How Wahi Built a Revenue-driving Realtor Recommendation Engine with Vector FastLane
June 19, 2023
June 19, 2023
Putting more control in the hands of real estate buyers and sellers by giving them better information: that’s the goal of Toronto-based Wahi, a digital real estate platform.
“The problem users had before was they needed to have as much relevant information and insight as possible at their fingertips to make their own informed decisions. We want to give consumers agent-level insights so that they can be in control of the decision-making process and look out for their own best interests.”
The company had already built several tools to this end, including an AI-powered Home Value Estimator and an online marketplace where users can auction or list their homes. But one feature idea had the potential to be the startup’s key, unique offering: an AI-powered realtor recommendation system that would automatically gauge local realtor quality and surface the top 10 per cent to customers. The tool could also be a key element of Wahi’s monetization strategy, generating revenue through commission-sharing with the realtors who got leads through the platform and proceeded to close sales. But developing such a feature is a tall order for a startup. To accelerate their efforts, Wahi joined Vector’s FastLane program, where they were able to collaborate with Vector’s AI Engineering team on industry projects and get exposure to the latest AI techniques.
Vector’s FastLane is designed to help small and medium companies in Canada accelerate AI commercialization in their business. Vector packaged AI industry projects, technical bootcamps, and professional development courses together into one program specifically for companies with clear plans for AI but limited resources to carry them out. For these companies, FastLane provides a catalyst to help turn their AI use case ideas into a reality.
For Wahi Head of Data Science Eman Nejad, one specific program offering caught his eye. “I found FastLane had an industry project for AI recommendation systems, and it sparked in my mind that maybe we should join them to focus on our specific problem statement,” he said.
The problem was how to accurately evaluate realtor quality and then recommend the best to users in any location and for any type of home. The AI Recommendation Systems project featured emerging techniques for developing AI models that can identify and suggest relevant items to users. Like all of Vector’s industry projects, it also provided the opportunity to work closely with Vector’s AI Engineering and Applied AI Projects teams as well as its community of researchers to discuss which techniques may work best and then to experiment with them.
“Because we have a small data science team, we lack the resources to dig into the research. So, the idea of getting insight from the instructors and mentors was very helpful.”
Head of Data Science, Wahi
During the six-month project, the Wahi team, with training from Vector experts, created a system that could evaluate a key dimension of realtor quality: the level of care and attention a realtor devotes to their work. Embedded in realtor listings, the Wahi team believed, were clues that served as reliable proxies for realtor commitment and attention to detail. These proxies include the quality of writing, the correctness of the home descriptions, and the completeness of the listing. A natural language processing model could help gauge these aspects of the text used in home listings.
“The mentors pushed us through some specific embedded systems to encode these texts and differentiate good from bad quality,” Nejad said. “This was the problematic block that Vector helped us to overcome. We worked with the researchers to get a clearer idea about the data, the problem, which direction to go, and whether academic paper-based research confirms this. The machine learning model we found helped us determine the best quality descriptions.”
The team compared the recommendations from their matching algorithm – which could now consider listing quality along with historical transaction data like sale prices and average time-on-market – with real client reviews on common realtor review sites. The results were consistent.
Wahi had created the AI secret sauce that could serve and inform real estate buyers and sellers in a novel way.

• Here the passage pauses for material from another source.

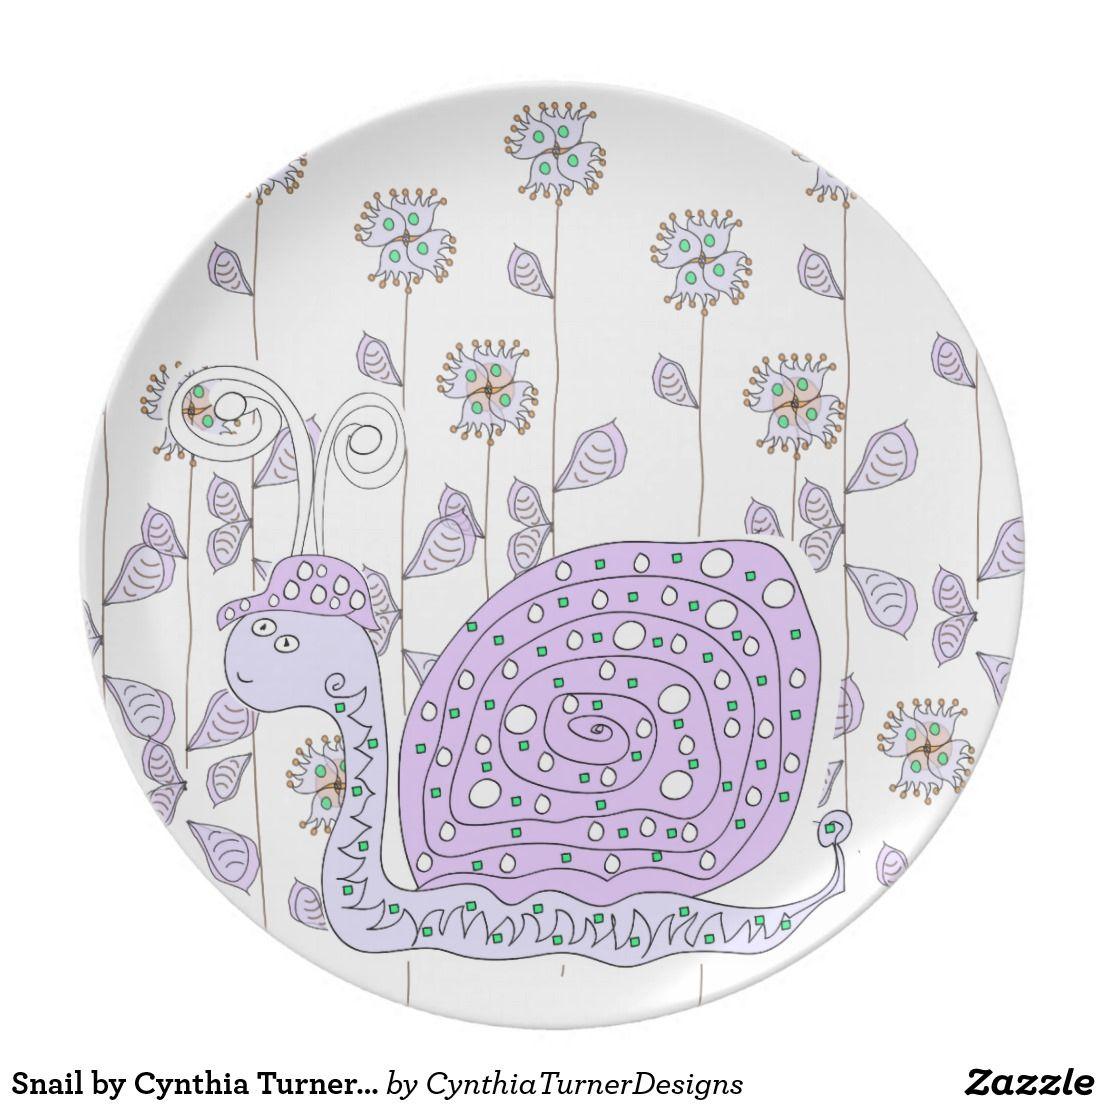 sc 1 st  Pinterest & Snail by Cynthia Turner Designs Plate

Katchen recounts how he felt seeing this product come to life with Vector: “In the middle of the project, Eman told me, ‘I’m confident it works, I’m confident this shows a better realtor.’ I attended the final FastLane meeting and when I realized, ok, this thing is real, it isn’t just a lab experiment, I started to get excited. I said, ‘What if this could be the heart of the marketplace?’ So, we started building all the other elements around it.”

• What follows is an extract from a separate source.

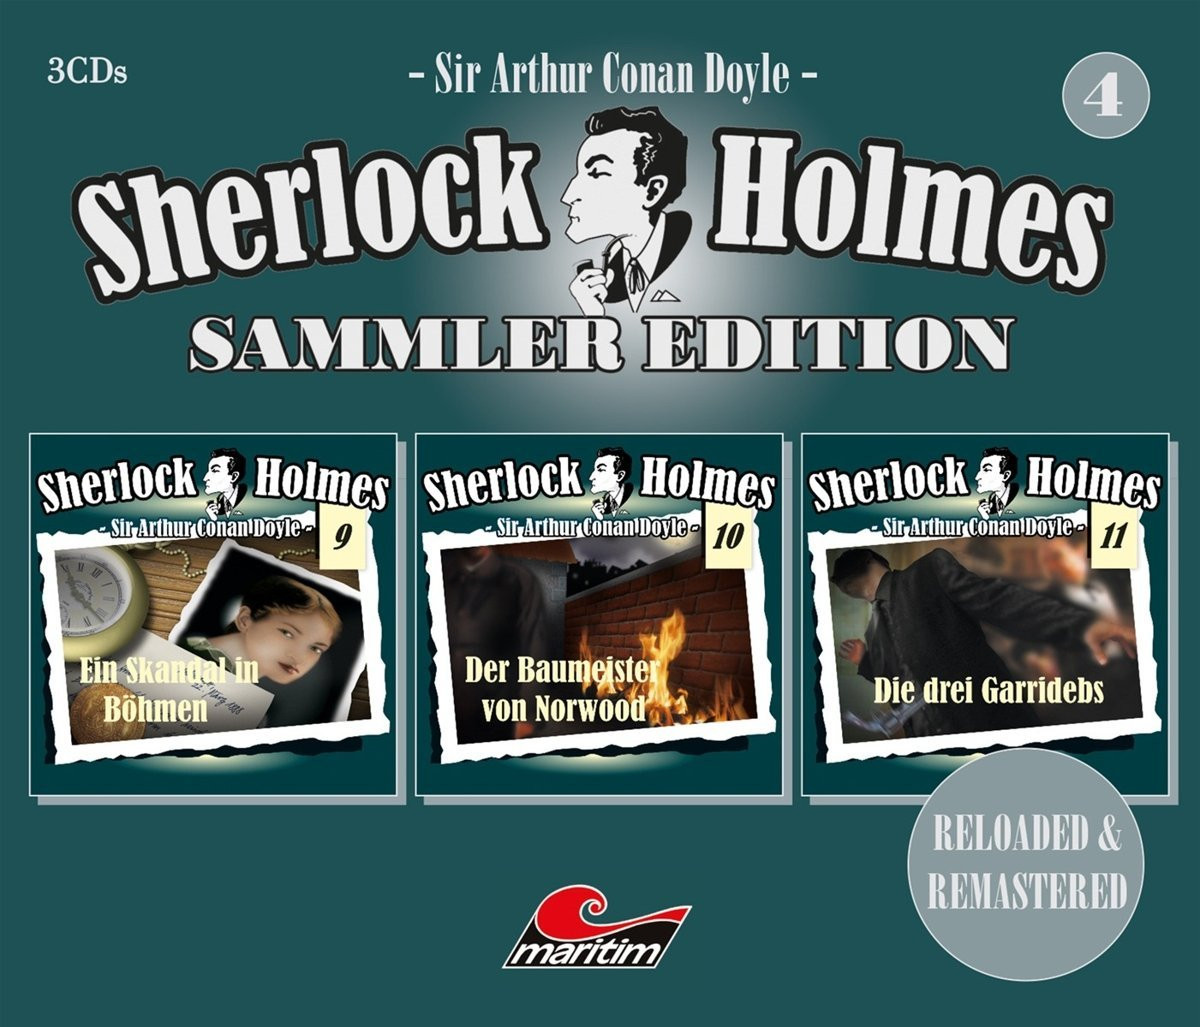 Sherlock Holmes - Sammler Edition - Box 4 (Folge 9, 10, 11)

Now, just six months after the project’s completion, Wahi is launching their realtor matching algorithm, unlocking a new revenue model, and earning the startup recognition as 2023’s Best Real Estate Innovator at the Canadian Business Innovation Awards.
“This [recommendation engine] is the heart of [our marketplace]. The heart of it is this algorithm, and the FastLane program enabled us to get it across the goal line so that we could get it to market and scale up quickly.”
“I’m proud of the model we built, and proud to be part of Vector’s FastLane program,” he continued. “What I tell people is that they’re one of the top AI institutes in the world, and we’re lucky to have them in Canada, and that Wahi is privileged to have done this FastLane program with them.” Now that Wahi has launched this new algorithm and user experience, Katchen says his aspiration is that they can empower home buyers and sellers and transform how they approach the real estate market. “As this takes off,” Katchen said, “it’ll be one additional propeller that pushes the property-tech industry in Canada forward to allow consumers to do their transactions in a digital-first way.”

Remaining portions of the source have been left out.